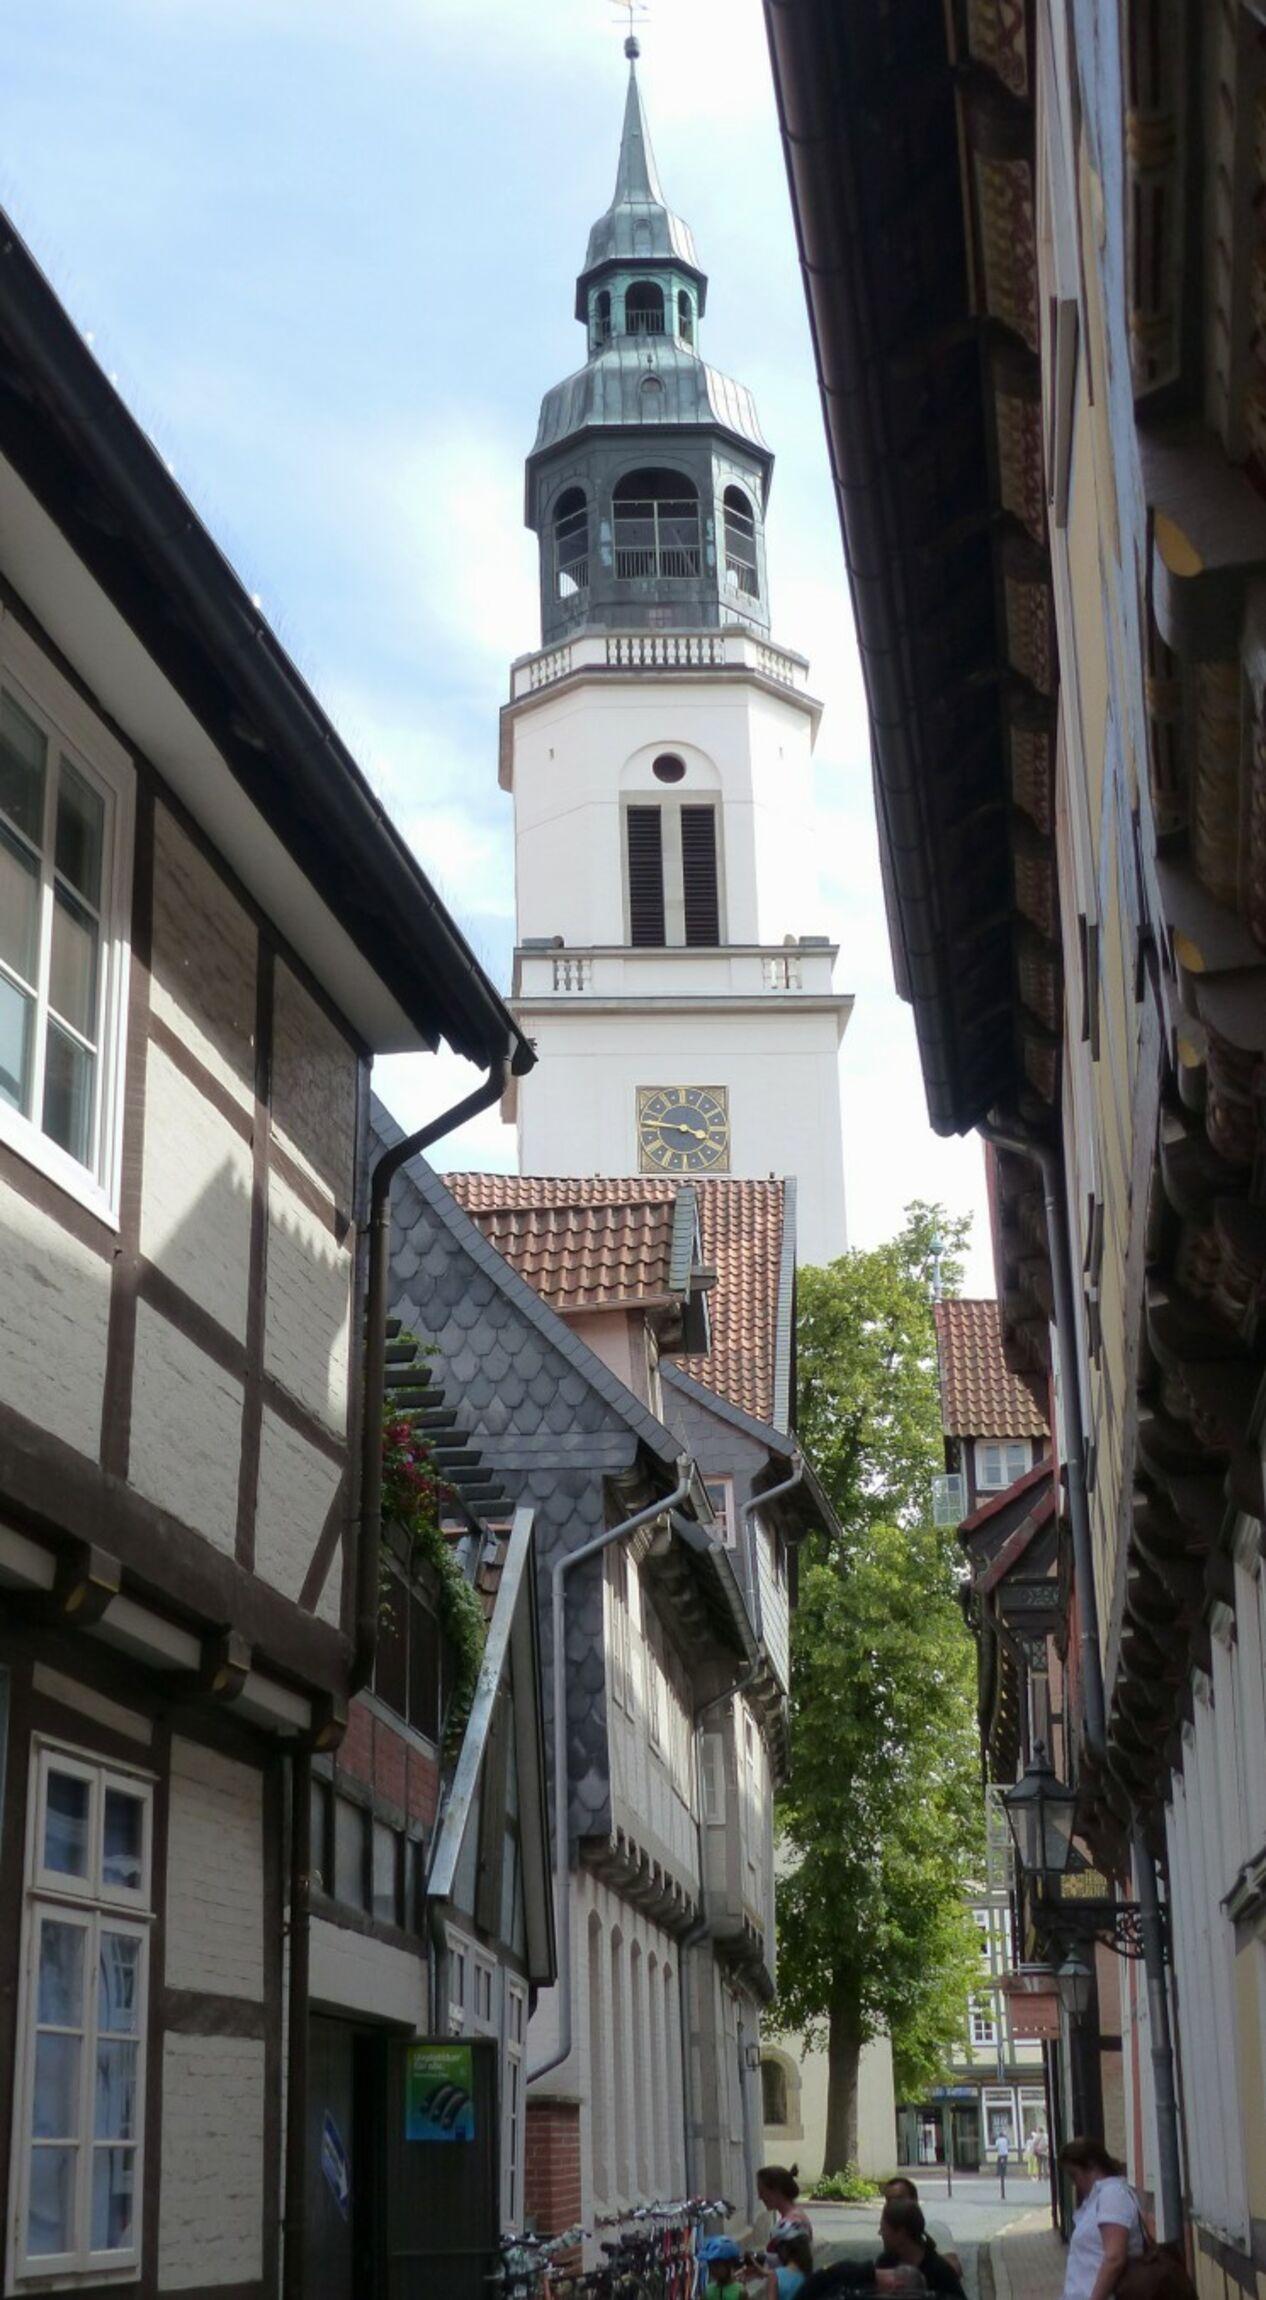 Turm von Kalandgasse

---

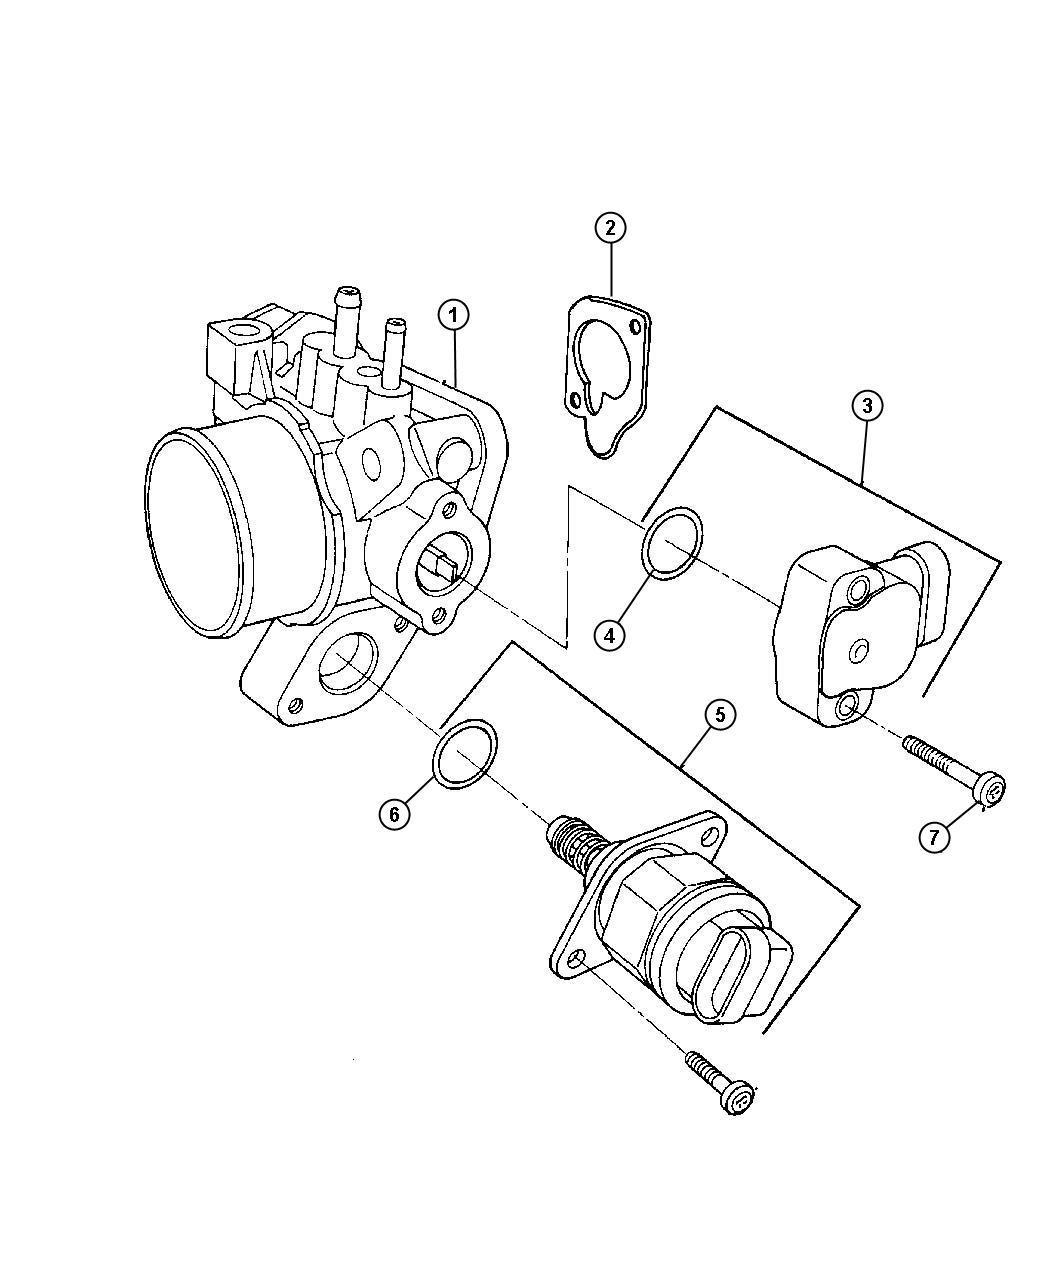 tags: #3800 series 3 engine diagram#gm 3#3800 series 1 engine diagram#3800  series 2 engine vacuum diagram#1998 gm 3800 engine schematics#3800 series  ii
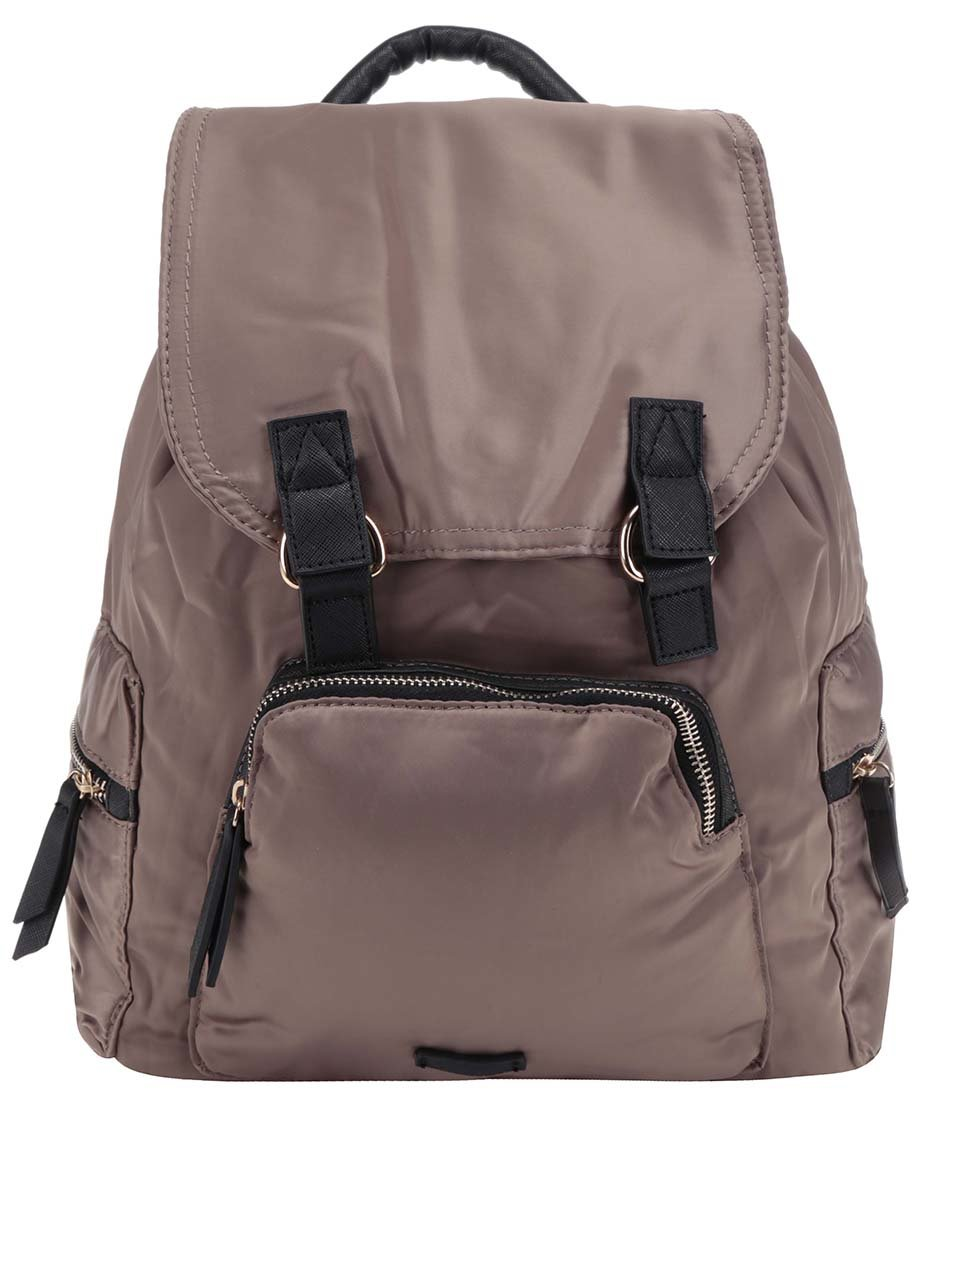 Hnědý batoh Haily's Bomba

▶ Exercise directions
Only the lines above starting with the line with "tags: #3800 series" and going on through the line with "Hnědý batoh Haily's Bomba" belong in the answer; repeat them exactly, minus any picture.

▶ Task result
 tags: #3800 series 3 engine diagram#gm 3#3800 series 1 engine diagram#3800  series 2 engine vacuum diagram#1998 gm 3800 engine schematics#3800 series  ii
 Hnědý batoh Haily's Bomba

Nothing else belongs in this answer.